My name is ——- I’m 35 years old.
Today is Tuesday December 19th, 2006 and I am a safe adult.
The old rules do not apply.
I have the same relative control and relative safety that other adults have over their life. Adulthood is a blessing because you are granted choices whereas in childhood they are limited or completely missing. I am a responsible and relatively safe adult capable of making good choices.
I just got hit with this bad girl syndrome again. I feel like I’m about to lose everything right now, I mean not everything because I have a few more months left here but I won’t be able to take Gracie or Bella with me and that just hurts unbearably. I have to be out of here in the spring and I have no idea where I’m going to go.
I stopped the rent check to Jack off Barney because it was just too cold back here. I wasn’t getting any heat whatsoever. I told him this and he simply didn’t act so I stopped my check and purchased heaters then gave him the remainder of the check minus what it cost me to have the check stopped. I did tell him that I wasn’t going to pay him what it cost me to stop the check.
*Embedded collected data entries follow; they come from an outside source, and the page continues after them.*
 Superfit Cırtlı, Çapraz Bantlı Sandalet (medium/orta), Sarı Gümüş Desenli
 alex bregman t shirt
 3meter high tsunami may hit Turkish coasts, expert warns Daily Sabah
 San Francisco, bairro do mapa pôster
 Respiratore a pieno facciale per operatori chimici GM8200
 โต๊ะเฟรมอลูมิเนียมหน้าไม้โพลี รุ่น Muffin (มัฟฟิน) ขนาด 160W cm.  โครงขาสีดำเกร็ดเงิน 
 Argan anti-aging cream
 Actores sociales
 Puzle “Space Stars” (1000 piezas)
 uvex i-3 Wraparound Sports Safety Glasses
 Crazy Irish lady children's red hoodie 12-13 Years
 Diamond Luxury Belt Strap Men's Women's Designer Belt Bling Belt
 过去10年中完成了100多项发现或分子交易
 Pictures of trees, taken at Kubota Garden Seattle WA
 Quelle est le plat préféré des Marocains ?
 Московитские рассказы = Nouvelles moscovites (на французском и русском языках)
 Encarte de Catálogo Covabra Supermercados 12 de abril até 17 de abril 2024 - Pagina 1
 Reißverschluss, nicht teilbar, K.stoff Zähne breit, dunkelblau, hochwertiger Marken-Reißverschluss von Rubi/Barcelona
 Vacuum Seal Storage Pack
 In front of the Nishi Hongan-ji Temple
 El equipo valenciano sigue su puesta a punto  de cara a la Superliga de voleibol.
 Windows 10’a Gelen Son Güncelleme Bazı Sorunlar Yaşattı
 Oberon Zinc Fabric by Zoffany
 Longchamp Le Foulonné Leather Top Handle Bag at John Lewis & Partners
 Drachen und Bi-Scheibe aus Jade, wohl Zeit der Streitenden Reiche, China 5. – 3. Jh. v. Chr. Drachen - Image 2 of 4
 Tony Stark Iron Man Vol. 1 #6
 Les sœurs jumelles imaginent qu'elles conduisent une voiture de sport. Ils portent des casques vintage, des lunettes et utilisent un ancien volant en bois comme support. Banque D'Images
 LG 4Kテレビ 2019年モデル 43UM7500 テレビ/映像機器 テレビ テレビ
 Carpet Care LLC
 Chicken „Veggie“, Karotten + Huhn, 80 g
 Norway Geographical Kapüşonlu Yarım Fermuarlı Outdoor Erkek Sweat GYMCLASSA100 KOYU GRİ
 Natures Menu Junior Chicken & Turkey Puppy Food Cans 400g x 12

He said, “I don’t care what you said. It’s not right.” I turned around and walked away. (I had my baseball cap on to hide any possible glimpse that I might be shaking inside or about to tear up.) I didn’t even respond to him, I just walked away. All I wanted was heat and now instead of getting heat and a place to stay I got evicted. I have to be out during the spring. It’s easy enough to say that I needed to move but what is not easy is finding a place I can afford and a place where I can take the two cats. Captain isn’t a problem it’s the two cats, Cap is certified so no one can legally refuse him.
I needed to punch this out and get it off my chest because I’m having two more visitors in about an hour or so. I’ll have a nice house full shortly. Its just that I kicked into, you’re such a fuck up this is why your mother was so mean because you just blah, blah, blah, blah fucking blah! I’d rather curl up and not deal with anything at all but I’d sink deep into myself and right now that would just mean I’d drowned in the lies my mother told me about just how bad I am. I can’t swim right now so I’m staying out of the “water”.
It took everything I had to not hurt me today, to not cut or bang my head against the wall…something, anything to feel something other than what I’m feeling right now. That’s why I cut, to throw my body into a totally different direction…to break the intensity before that intensity builds and fucks me up so badly that I lose my mind and possibly really hurt myself. Sometimes people aren’t quite sure why another person would take a blade to themselves but when you need that immediate release, something to take you from 10 to 0 faster, something to shatter that intensity instead of waiting for it to build and maybe losing control of yourself then lifting your own hand with a blade doesn’t seem so odd. There are times when waiting it out could mean ending things permanently. That wait is what is dangerous for me. Cutting is dangerous too but waiting it out, waiting for it to peak then pass could lead to more permanent type things and that is why I’d pick up a blade to shatter the intensity right now and not take the chance that later down the line I’ll lose so much control of myself that cutting is no longer all I want to do.
I keep expecting him to call me by my birth name. He doesn’t even know it but I keep expecting him to yell out that name with a disappointed tone.
I got to bed a bit after 8am this morning. It was a hard night and a very bad few hours of sleep. I have to get grounded before my company comes here.
Joan of Arc for Morton’s Pride
December 24th, 2006 at 1:08 am eone out of two isn’t bad, i guess. T number 2 sounds like you said, a wacko!! 3 sessions and you are cured, uh-huh and I’m Arnold Schwarzenegger. and he has a license of some sort? maybe Barney should go see him and get cured.I don’t blame you for being upset, not one bit.